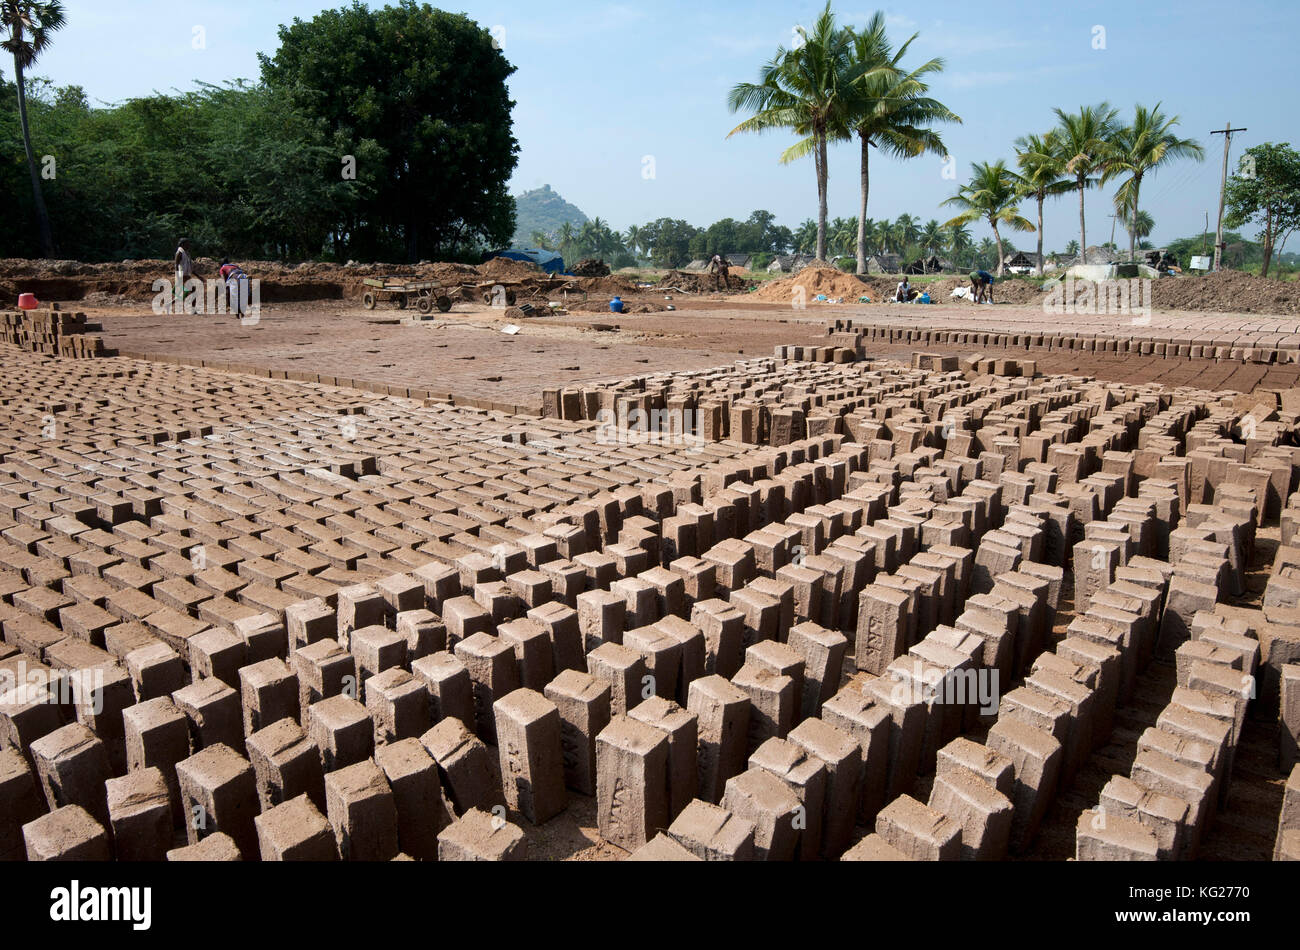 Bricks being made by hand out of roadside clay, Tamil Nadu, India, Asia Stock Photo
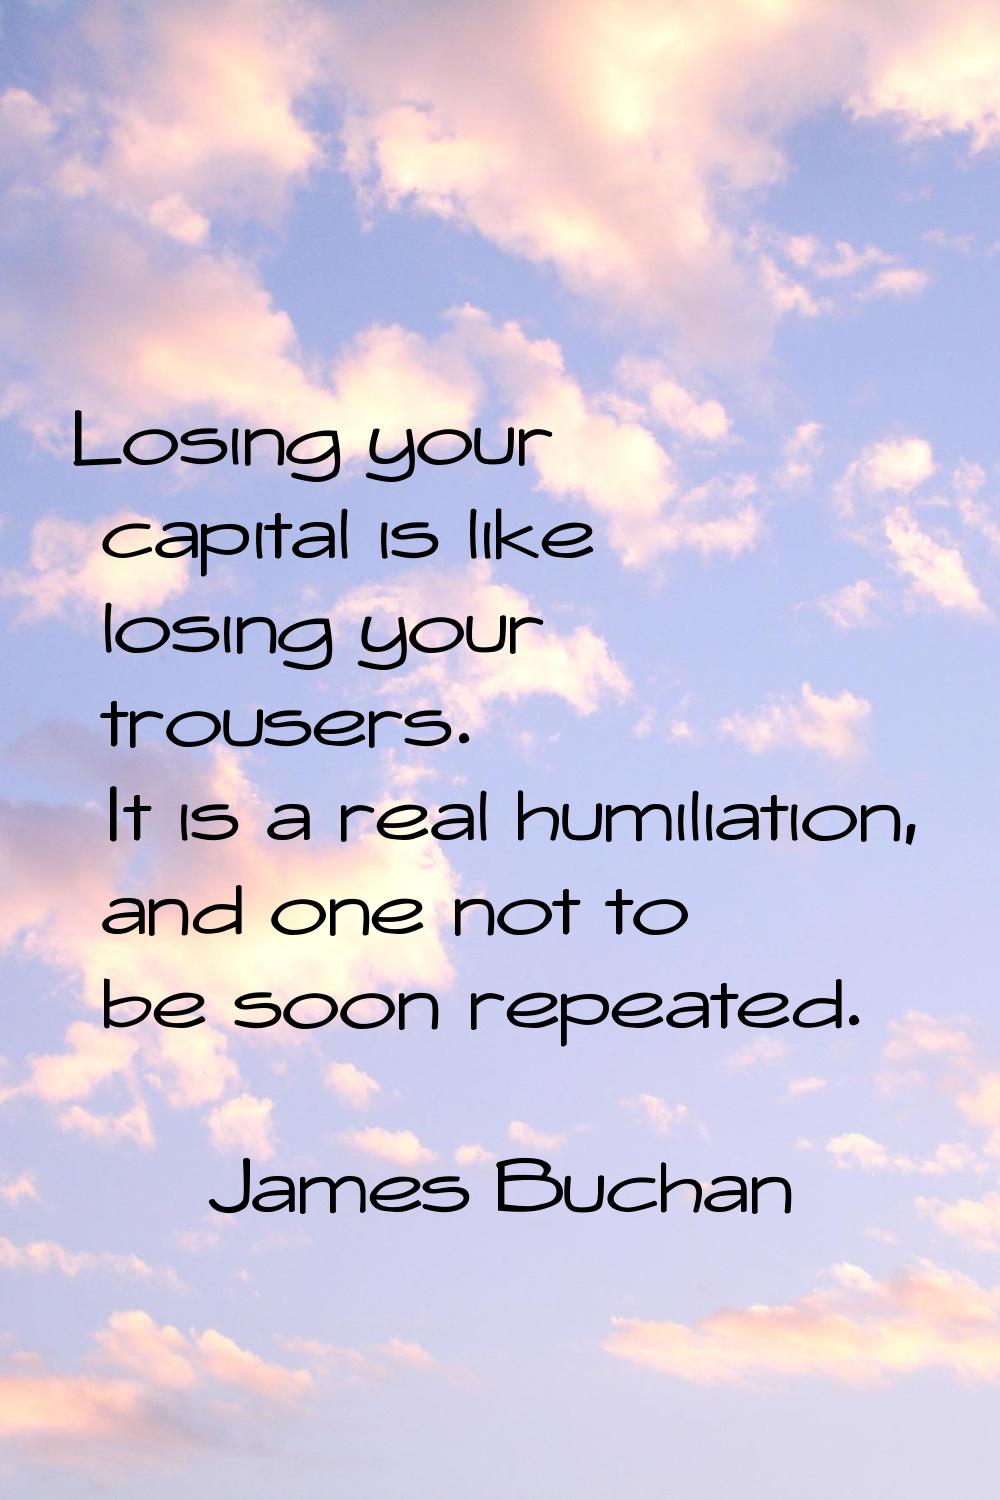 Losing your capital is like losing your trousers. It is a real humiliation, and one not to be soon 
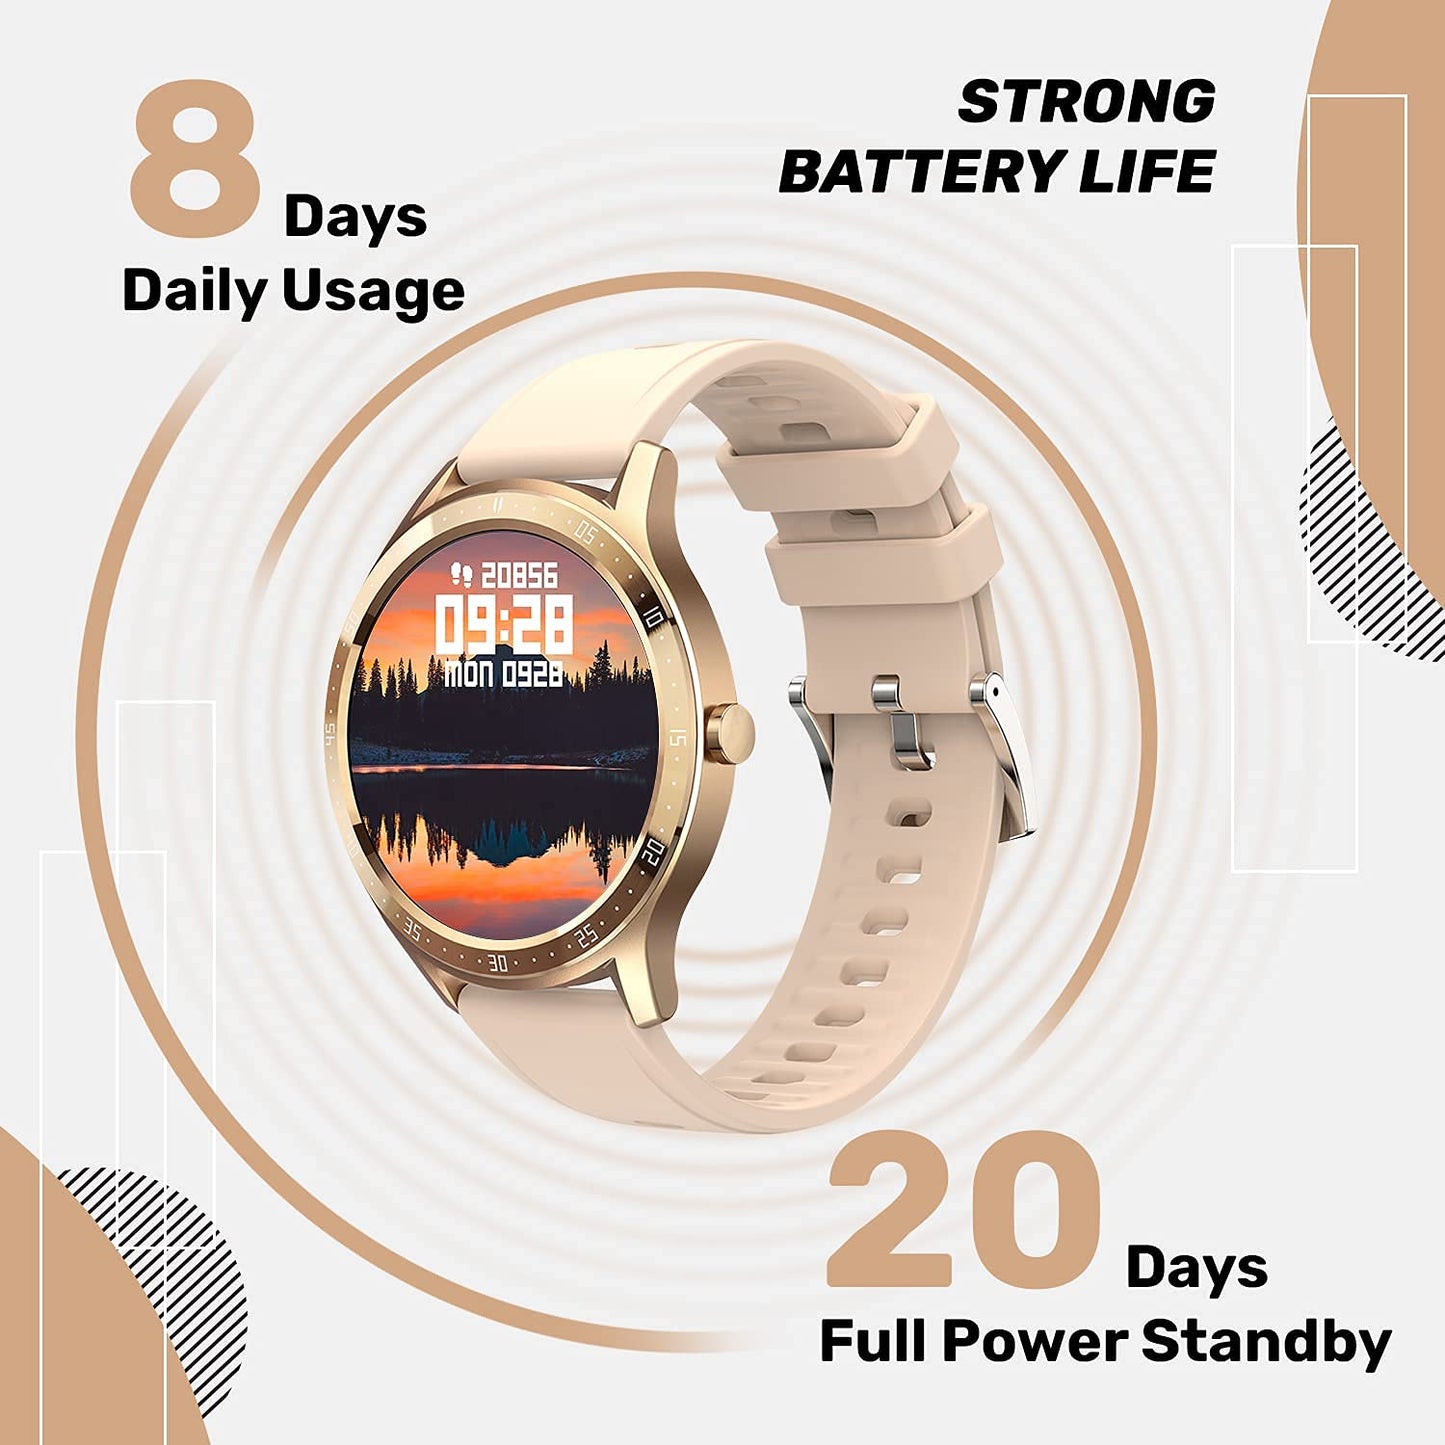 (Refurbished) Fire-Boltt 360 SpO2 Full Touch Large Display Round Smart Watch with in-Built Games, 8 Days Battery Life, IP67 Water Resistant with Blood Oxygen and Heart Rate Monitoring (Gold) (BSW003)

What needs to be done. Every line above should be copied exactly, apart from any pictures.

Answer space.
 Bricks being made by hand out of roadside clay, Tamil Nadu, India, Asia Stock Photo
 Losing your capital is like losing your trousers. It is a real humiliation, and one not to be soon 
 (Refurbished) Fire-Boltt 360 SpO2 Full Touch Large Display Round Smart Watch with in-Built Games, 8 Days Battery Life, IP67 Water Resistant with Blood Oxygen and Heart Rate Monitoring (Gold) (BSW003)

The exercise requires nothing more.